**EXERCISE PROMPT**
Your answer should be the full data, transcribed exactly, with no pictures in it.

**DATASET CONTENT**
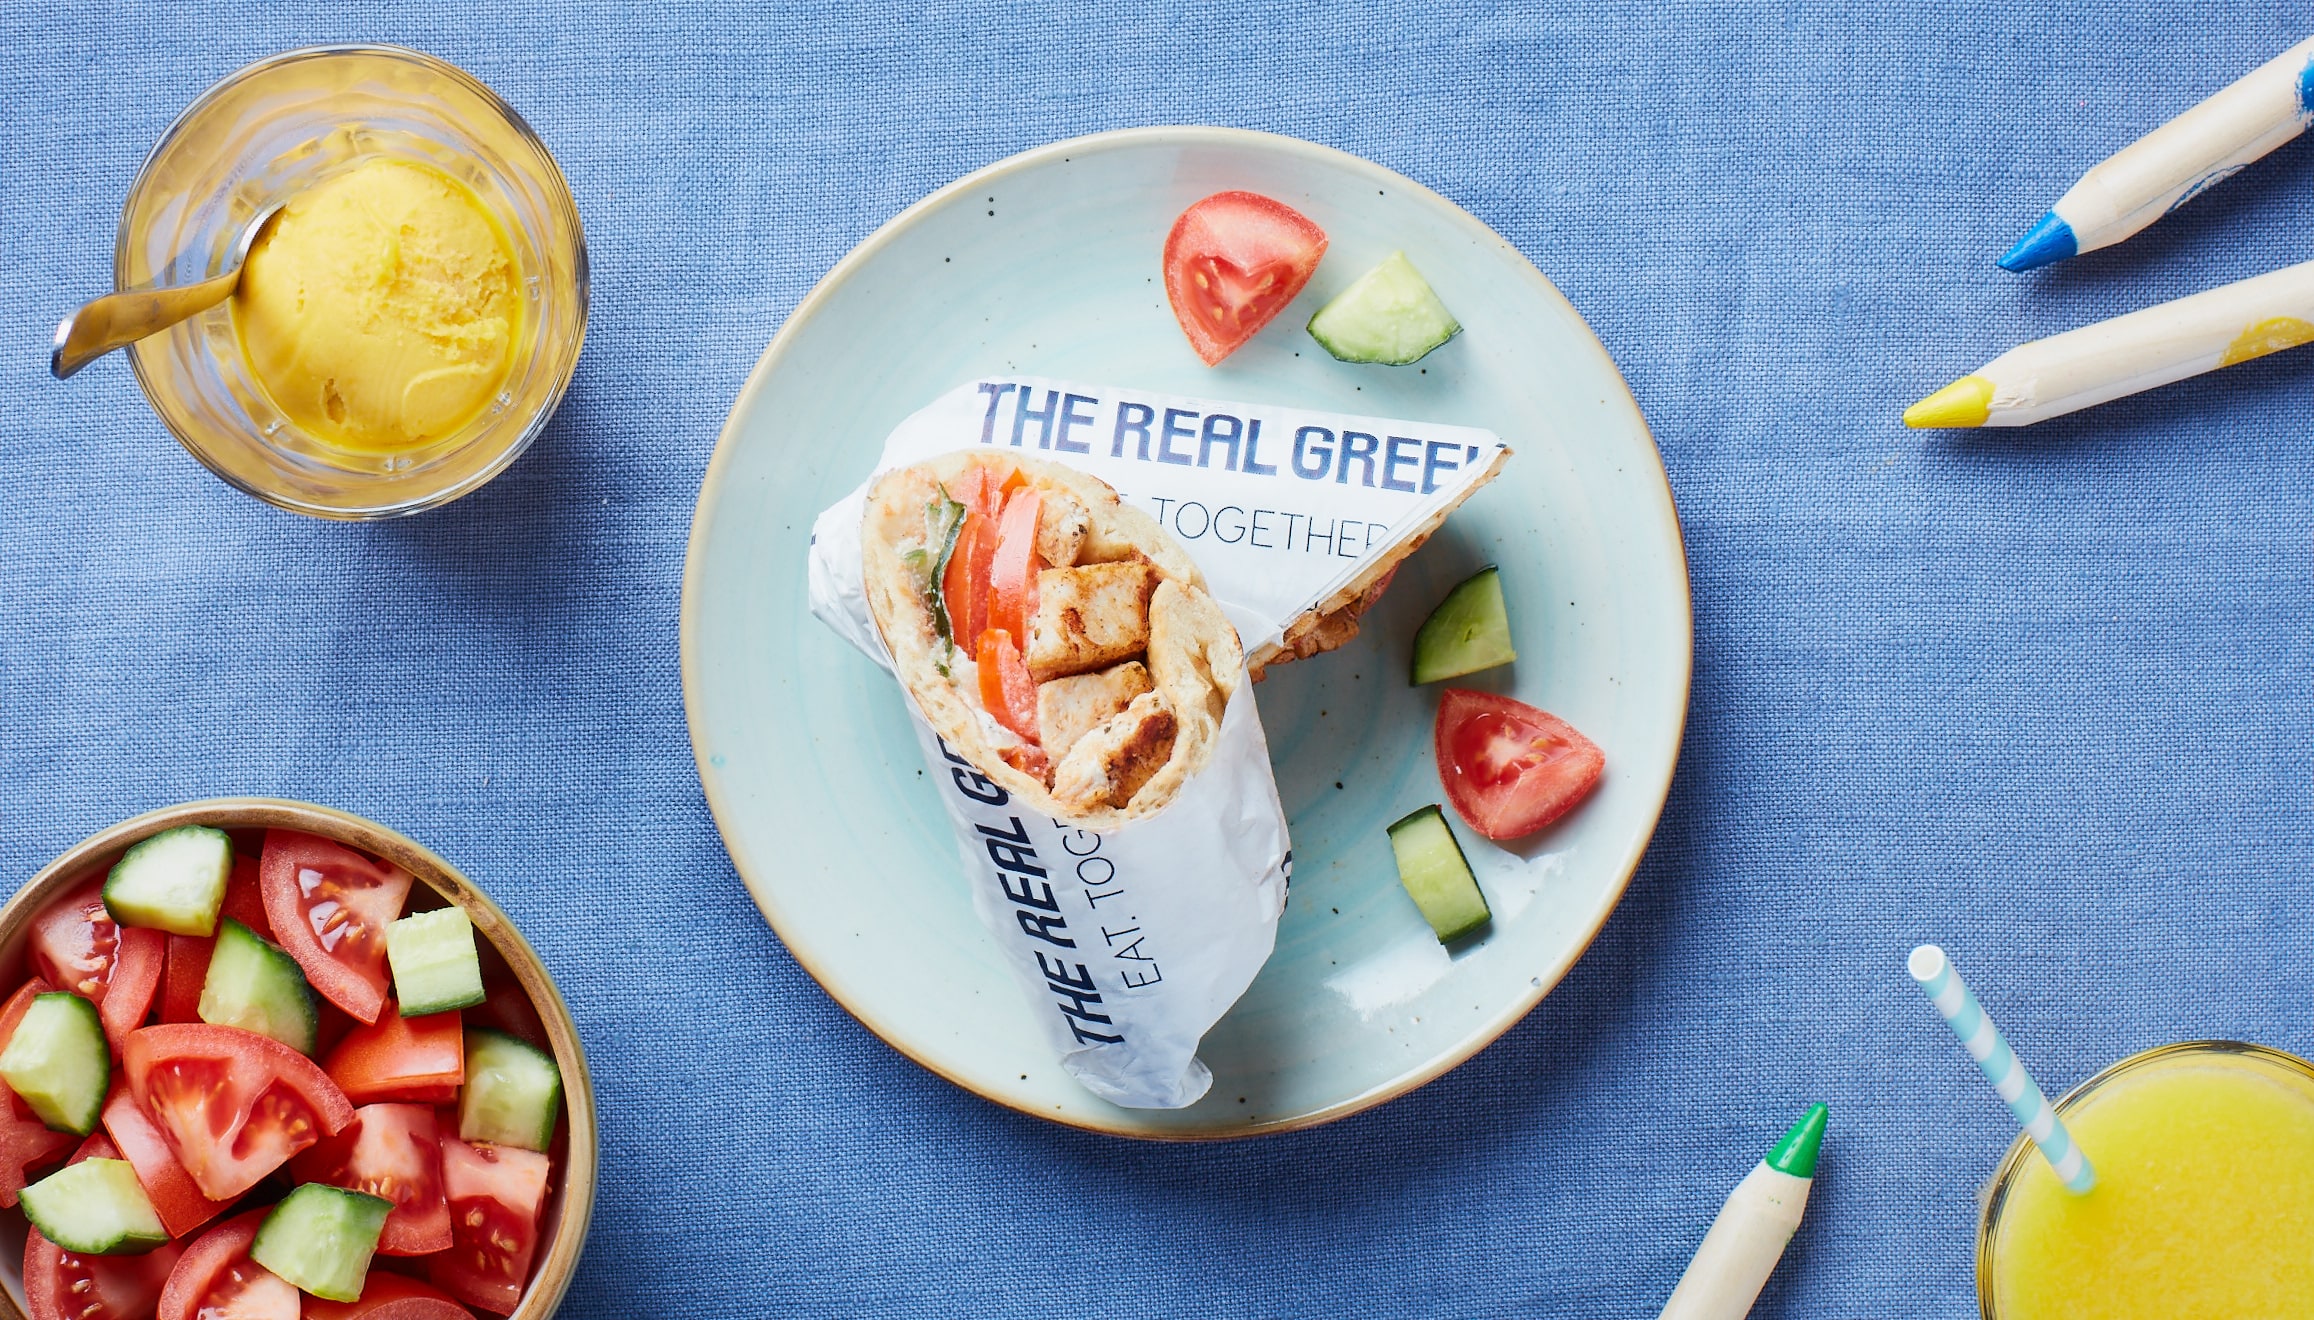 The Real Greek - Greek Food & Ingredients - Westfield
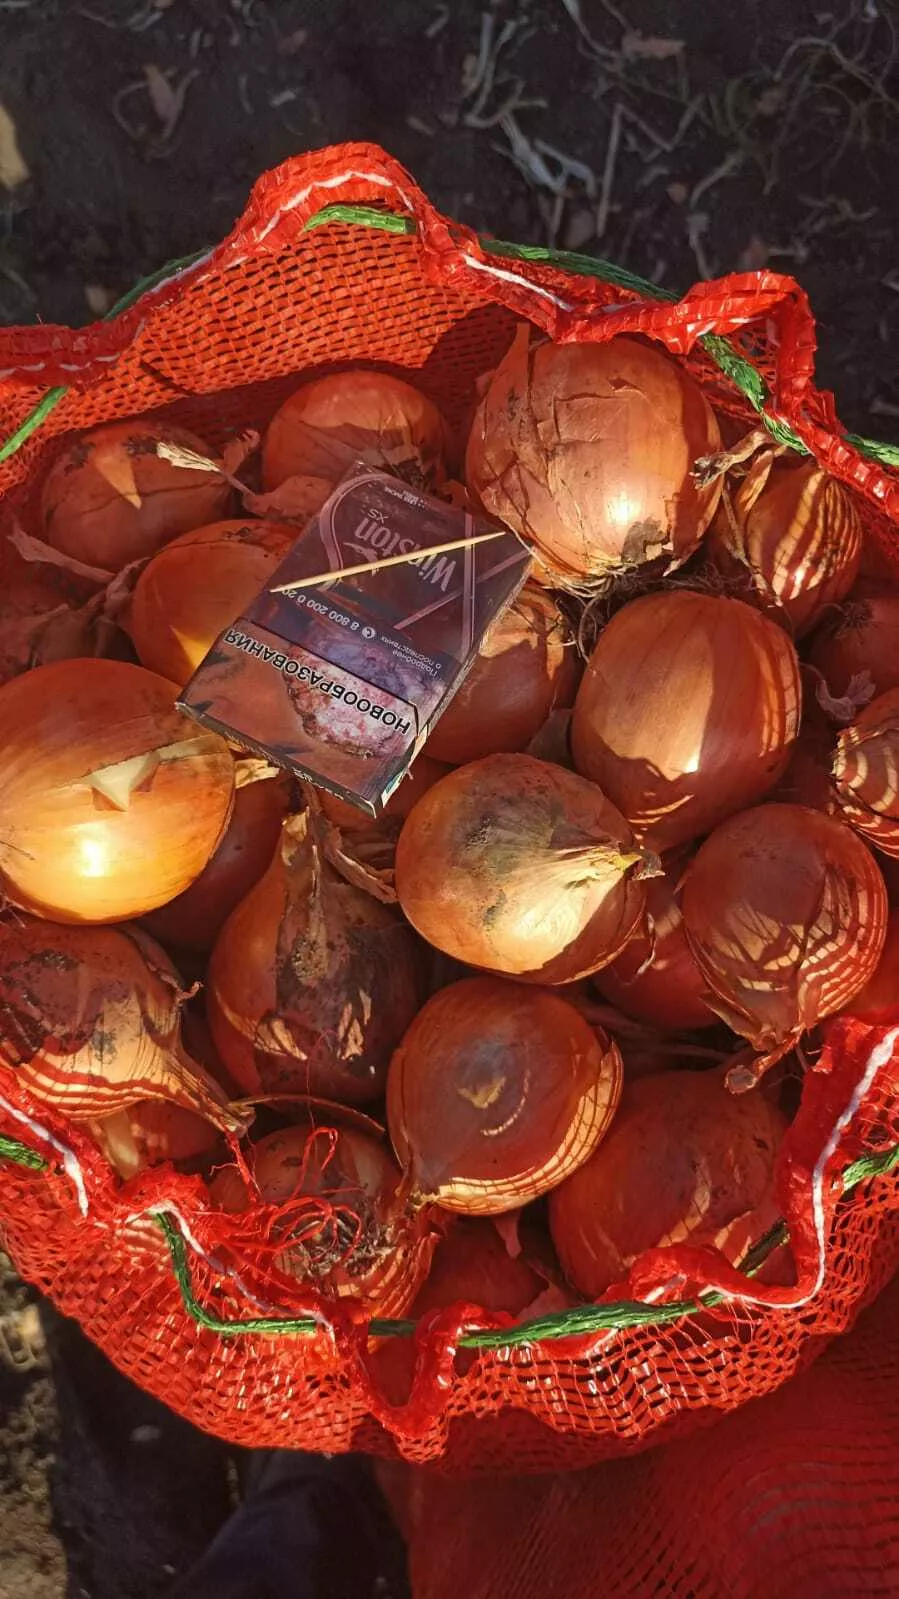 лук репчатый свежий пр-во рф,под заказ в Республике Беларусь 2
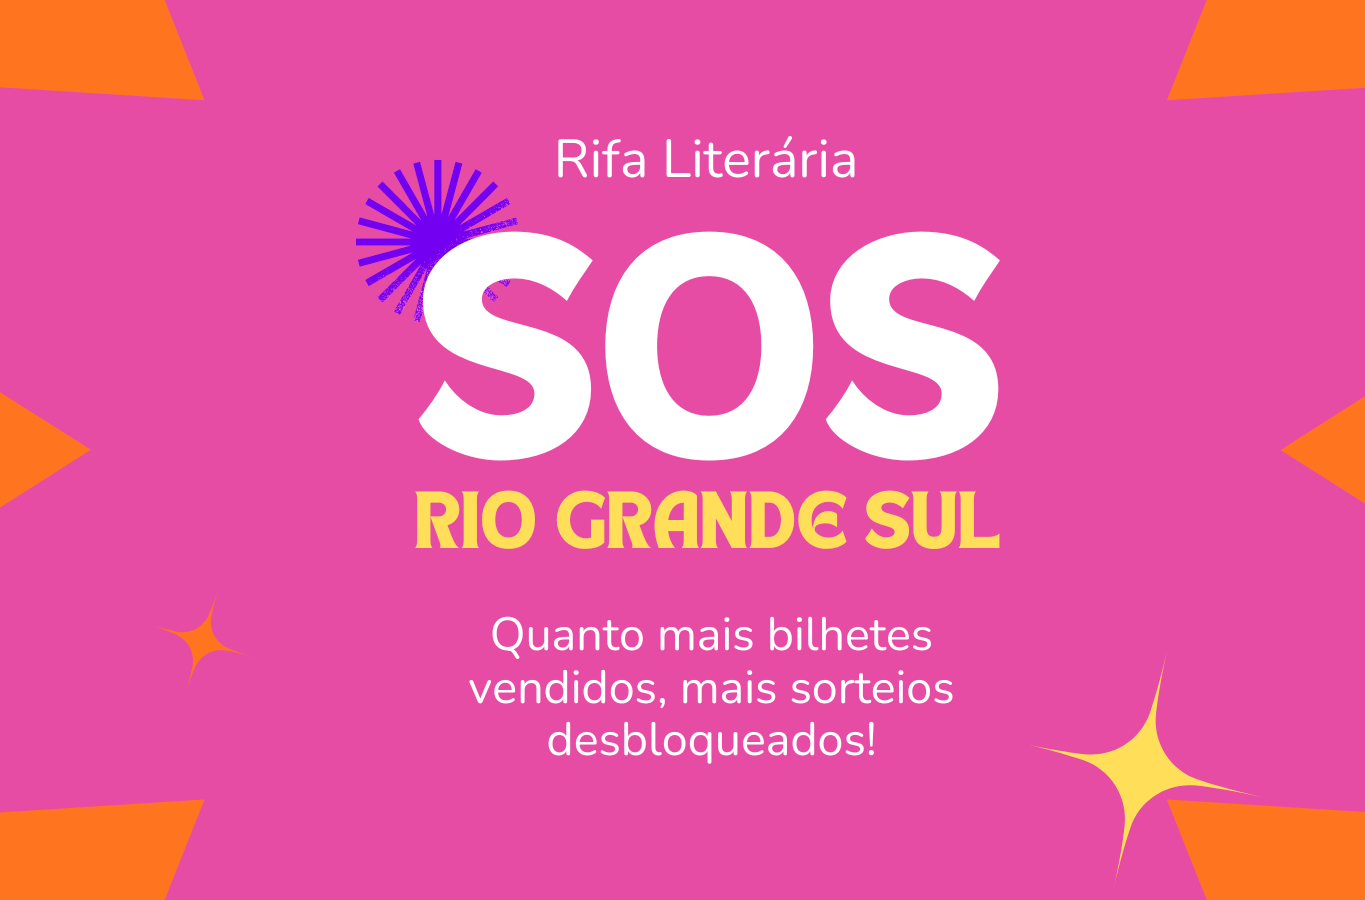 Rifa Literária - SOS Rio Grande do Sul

**FINISHED EXERCISE**
 The Real Greek - Greek Food & Ingredients - Westfield
 лук репчатый свежий пр-во рф,под заказ в Республике Беларусь 2
 Rifa Literária - SOS Rio Grande do Sul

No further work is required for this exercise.